We acknowledge some limitations in the procedures used to generate recommendations in this work. First, all entries in the literature review were assigned equal weight irrespective of population size or technological availability. Heterogeneity also exists in the survey process, in which participant elections may have been driven by different priorities and informed by different levels of clinical or technical experience. In addition, while we modeled our approach on the Delphi consensus procedure, its application was adjusted for the purposes of this review and its timeframe. The survey also highlighted other areas of disagreement between the participants. In particular, it was not possible to obtain a consensus on technical questions like the use of segmented echo planar acquisitions, or the advantage of bipolar diffusion gradients. We have not included a strategy of noise correction (pure Rician or otherwise) for more accurate quantification, but practical approaches exist that may be amenable to broad guidelines in a future iteration [85]. We also acknowledge that the imaging gradient contributions to the nominally unweighted (b = 0) image might lead to a potential source of error, especially in assessing f and D*. The full effect of this source of error has yet to be evaluated in the kidney literature. This work summarizes the large evidence base for a nonzero perfusion fraction, but the next level of standardization might refine processing to take full b matrices into account [94, 95].

We have also not issued a standardized prescription for phantom quality control, which has proven beneficial to DWI standardization efforts in other contexts [96, 97]; the choice of and agreement upon such a phantom for renal DWI can be revisited in the next standardization iteration. Uncertainty exists also for physiological questions such as the effect of diet on DWI. As some of these issues have already been partly addressed in the literature, the survey indicates that currently available evidence may not be sufficient for conclusive resolution. This report should, therefore, motivate a significant effort to investigate these dedicated methodological questions.

Conclusions

The present work has summarized trends in the literature of renal diffusion MRI to date and their correlation with aspects of protocol design to direct future research efforts in the field of renal DWI. In pursuit of minimizing inter-study and inter-site variation, for the generation of evidence basis for reliable and high impact of imaging markers for renal disease, and with the guidance of a Delphi-based consensus process of experts in the field, we have generated a set of recommendations for future data collection.
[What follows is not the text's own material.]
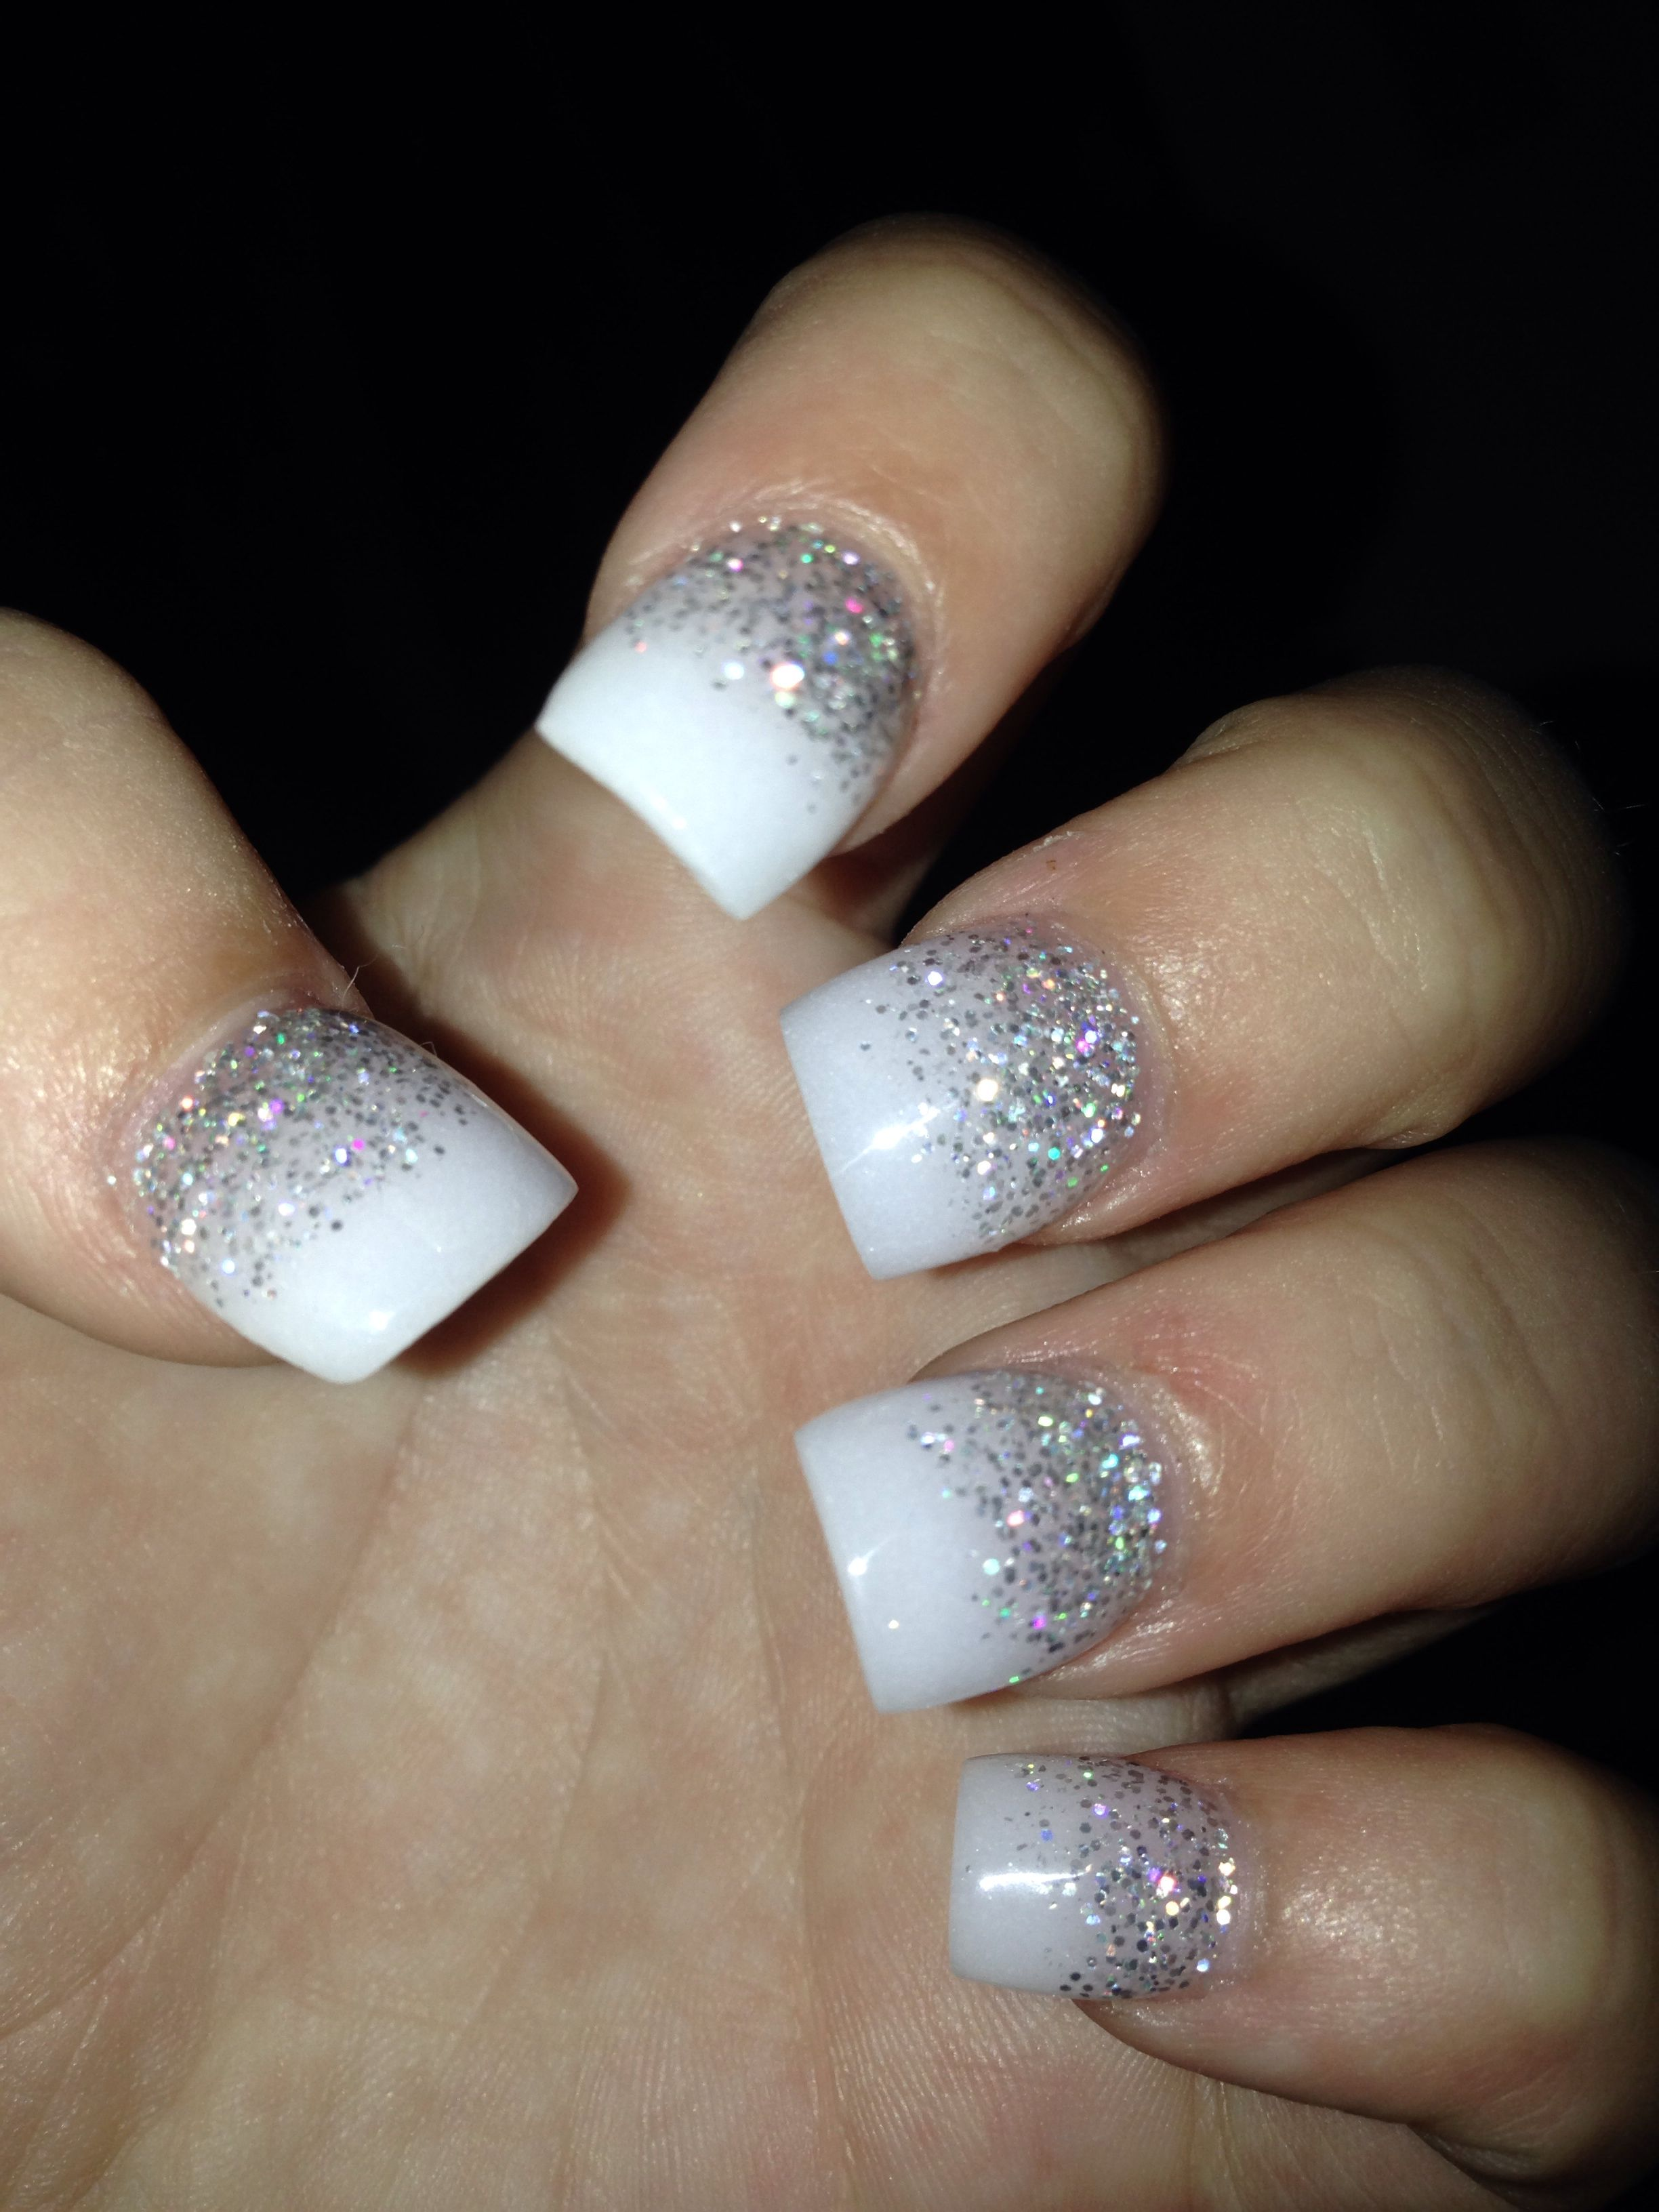 white and silver solar nails #solarnails | nails | Pinterest | Solar ...

The recommended protocols have been chosen to be achievable by any center with clinical MRI capabilities and enable future multicentre pooling of data when equivalent protocols have been used. Therefore, these recommendations should be taken into account when starting new studies in the field of renal DWI and when reviewing submitted work in this area. We expect this recommendation process to be an iterative one and ensuing efforts may refine or add to these recommendations. To allow both growth and innovation in the field, as well as harmonization, “deviations” from these recommendations should be justified in the future studies and submissions for publication. There recommendations are intended to be updated when new evidence from ongoing or future studies is made available and change any of the recommended parameters.

Importantly, these translational efforts do not replace and are not in conflict with ongoing innovation efforts to uncover more specific biomarkers from renal DWI with more advanced methods. Instead, they reflect a view that commitment toward producing generalizable workflows in parallel will yield tremendous benefits to the field as a whole and increase chances of clinical impact on a larger scale.